Lessing's own solution is that in chapter 13 Aristotle establishes the best plot structure, and in 14 the best treatment of pathos, or scene of suffering. Lessing claimed that, regardless of Aristotle judging it "best," the scene where death is prevented could occur well before the end of a play. He proposed that this removes Aristotle's contradiction, because to use this kind of incident may leave the drama open to ending in good or bad fortune, at least in theory. Lessing wrote that "Change of fortune may occur in the middle of the play, and even if it continues thus to the end of the piece, it does not therefore constitute its end." He acknowledged the difficulty of ending in misfortune or death after it has been prevented. Yet he believed it was possible, combining the best pathos and best ending, which D.W. Lucas considered somewhat implausible. Lessing's solution has been the most influential, at least historically. Notable scholars have endorsed the idea during the 19th and 20th centuries, including Gustav Teichmüller, Johannes Vahlen, Daniel de Montmollin (not to be confused with Daniel de Montmollin), Gerald Else (crediting Vahlen), and D.W. Lucas.

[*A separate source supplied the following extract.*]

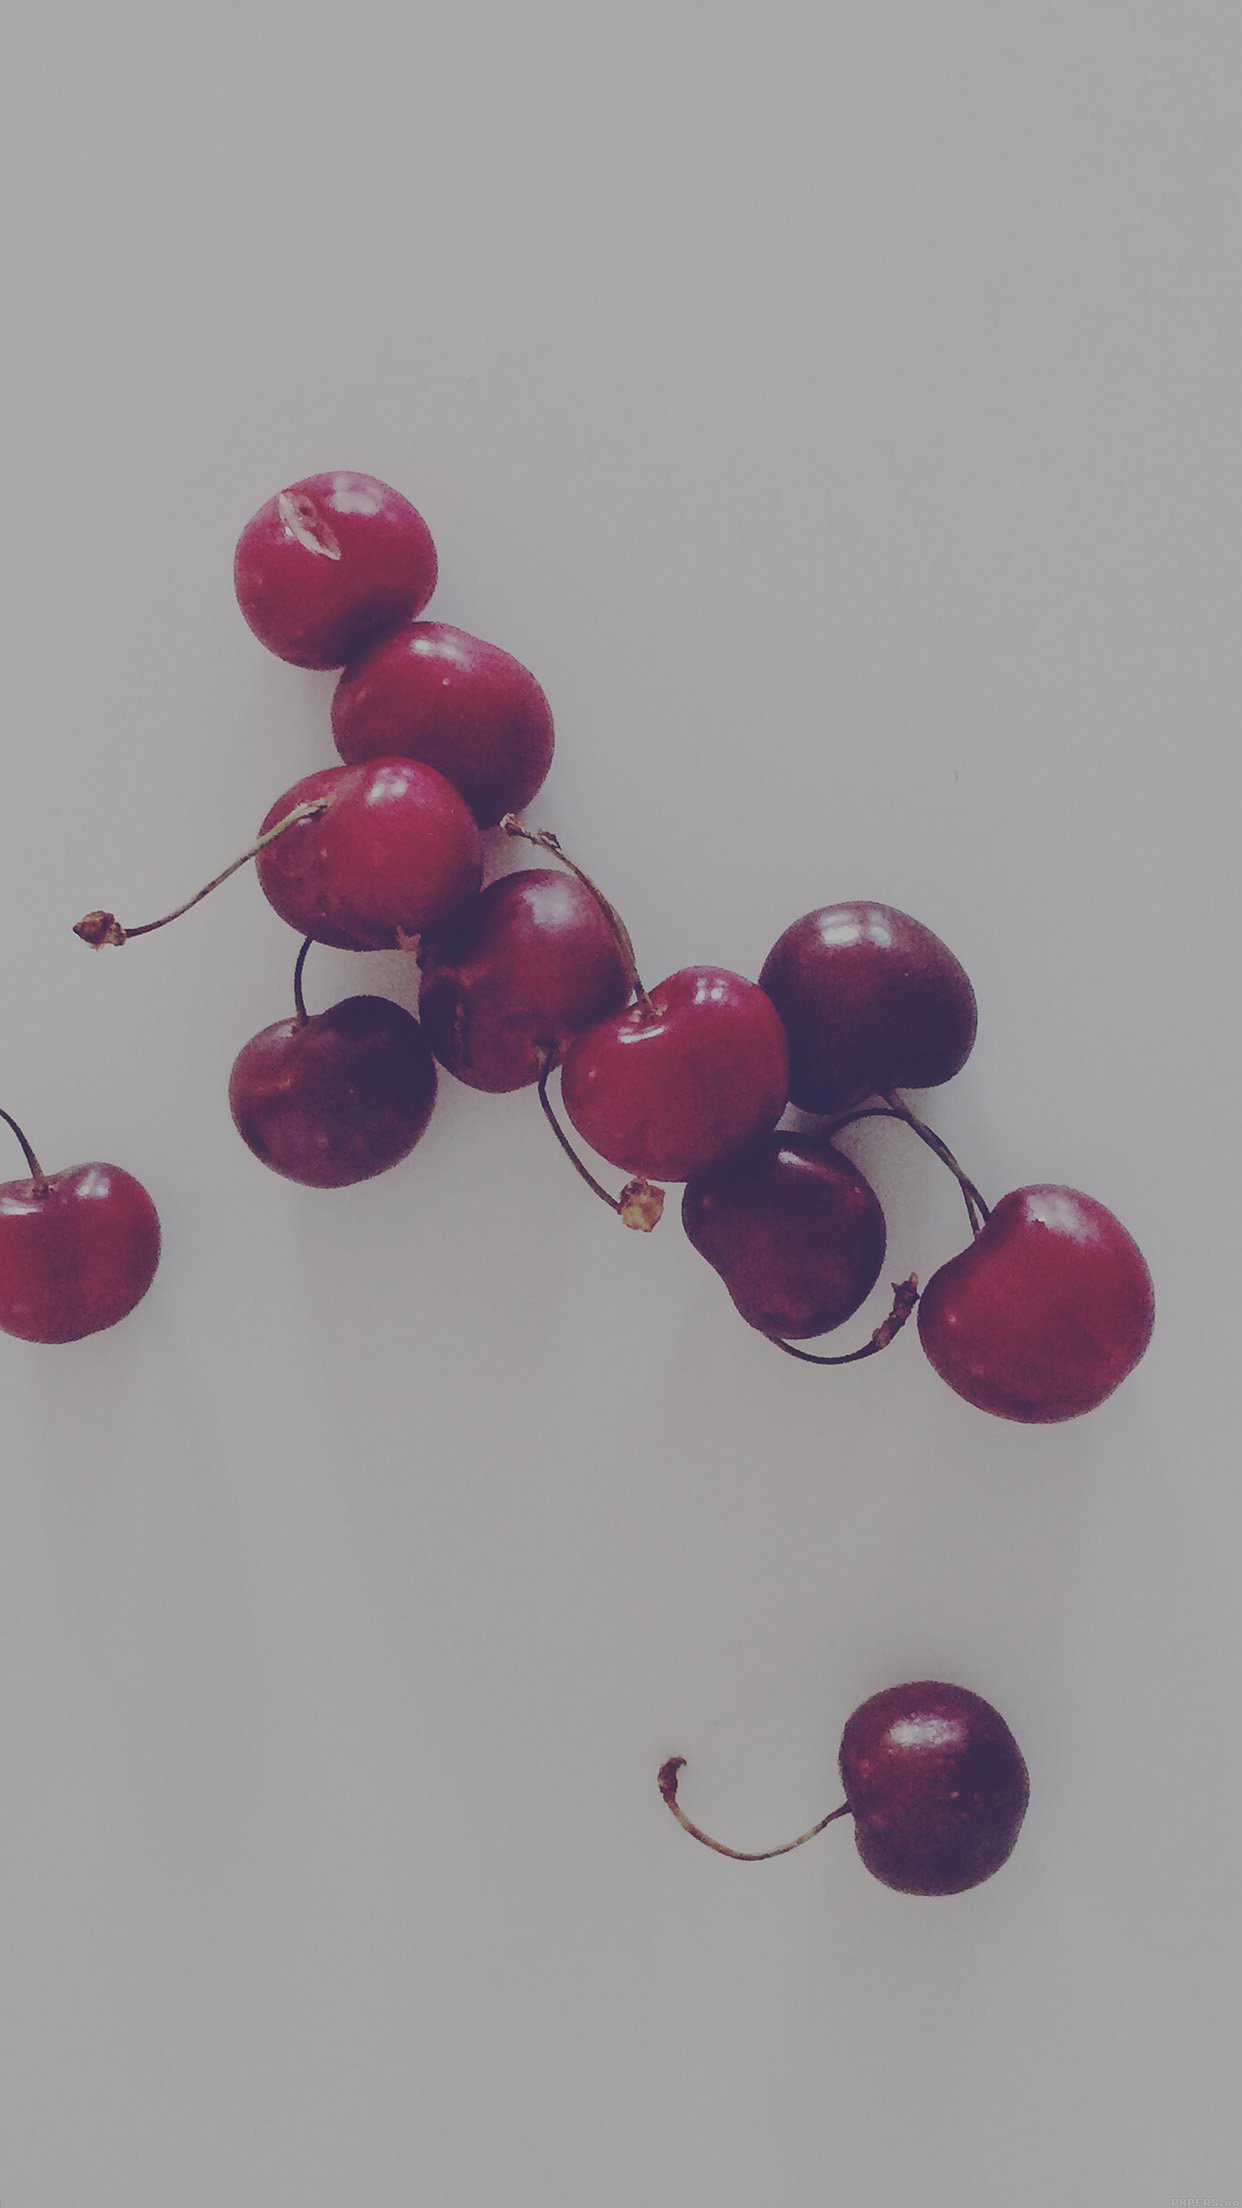 Cherry Red Dark Paula Borowska Fruit Nature Android wallpaper

Ingram Bywater was not persuaded by Lessing on this issue, and instead, he believed Aristotle had changed his mind. Bywater thought that in chapter 14 Aristotle became more concerned with avoiding what is shocking, and that he ultimately regarded the act of killing followed by recognition to be shocking. According to Bywater, this is why the fourth way, "where a timely Discovery saves us from the rude shock to our moral feelings...is pronounced to be κράτιστον." Bywater wrote:

In chap. 13 Aristotle was thinking only of the emotional effect of tragedy as produced by the most obvious means; he comes to see that the same effect may be produced in a finer form without their aid. It is his somewhat tardy recognition of the necessity of avoiding τὸ μιαρόν that has caused this change of view.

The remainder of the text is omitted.